Até mesmo Stefano Černetić, Príncipe de Montenegro e Macedônia, teve que encarar essa realidade. Sua vida na alta sociedade, que incluía condecorar a atriz de Hollywood Pamela Anderson com o título de cavaleira, chegou a um fim abrupto quando a polícia descobriu que esse cidadão italiano, com um armário repleto de uniformes e vestes reais falsificadas, estava apenas se passando pelo chefe de Estado. Ele não pôde nem mesmo recorrer ao seu autoproclamado reino em busca de ajuda.

Pessoas apátridas, como os rohingya de Myanmar ou os russos étnicos da Letônia, conhecem as consequências terríveis que podem advir quando um governo as rejeita como estrangeiras. Mesmo que em algum momento tenham tido direito a pertencer a um país, sua cidadania perde a validade se o Estado não a reconhece.

O resultado é que o Estado é o único vendedor legítimo de cidadania. Mesmo que entraves burocráticos prolonguem o processo de naturalização, e mesmo que cadeias de intermediários conectem o comprador e o vendedor, o Estado deve aprovar cada transação de cidadania. Assim, não pode haver um mercado secundário legal.

<><> Prerrogativas soberanas

Como a cidadania é um monopólio estatal, mesmo os seus menores detentores — microestados com menos de um milhão de habitantes, sem o poderio econômico e militar que normalmente associamos à condição de Estado — podem utilizar essa ferramenta para arrecadar receita. O que importa não é o tamanho, mas a soberania.

Na prática, o Estado desempenha um papel duplo ao vender cidadania, atuando tanto como o único produtor do produto quanto como o principal regulador do mercado. Essa dupla função, por vezes, resultou em casos eticamente questionáveis, mas totalmente legais, de países que vendem cidadania a pessoas com antecedentes criminais. Tadamasa Goto, um chefe da máfia japonesa que se tornou cambojano em troca de uma doação considerável, é um exemplo disso.
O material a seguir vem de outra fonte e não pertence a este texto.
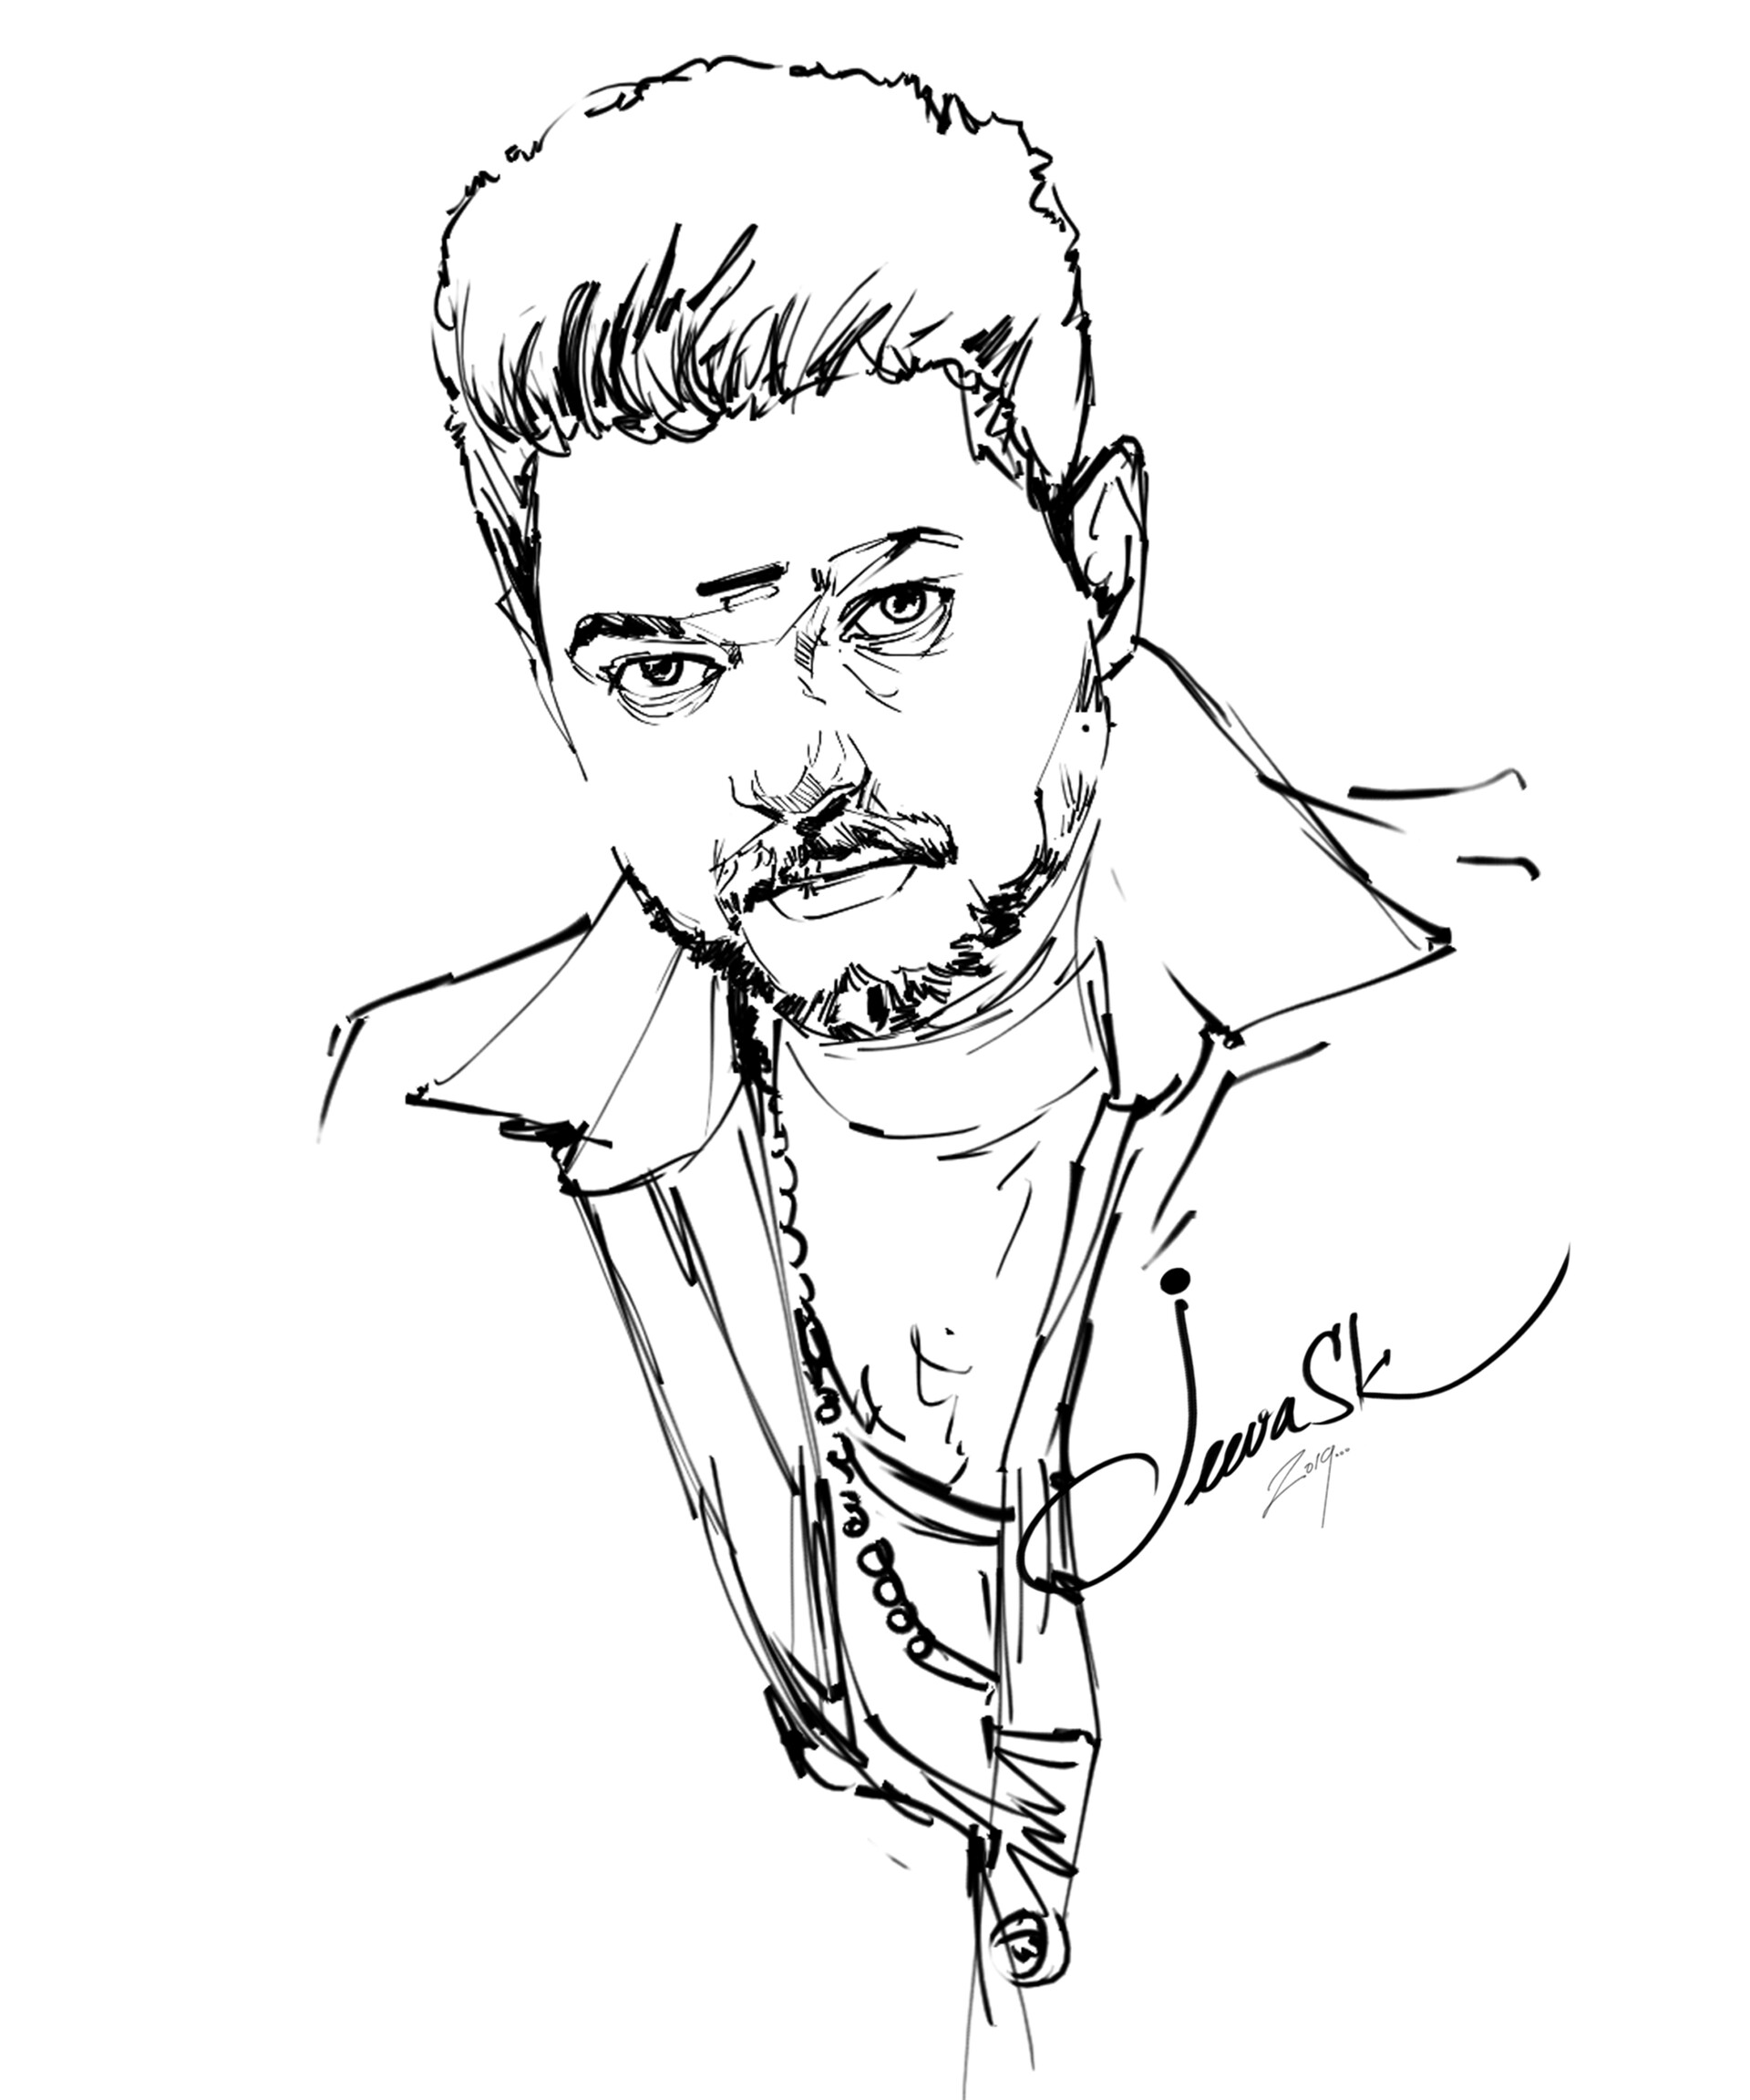 Vijay'sketch from his film Theri Drawing by Rupali Joshi - Fine Art America

Ainda assim, quando o Estado estrutura o campo de atuação e serve como um participante indispensável no jogo, ele põe em questão as suposições convencionais sobre o que é necessário para o funcionamento de um mercado. No caso da dívida soberana, por exemplo, a possibilidade de inadimplência sem compensação permanece um risco iminente, pois a imunidade soberana limita as ferramentas disponíveis para a execução de pagamentos ou a apreensão de ativos. Os governos também podem influenciar indicadores macroeconômicos, dificultando a verificação da saúde econômica por parte dos credores. Para se proteger contra tais ameaças e garantir liquidez, intermediários com riscos reputacionais distintos entram na transação.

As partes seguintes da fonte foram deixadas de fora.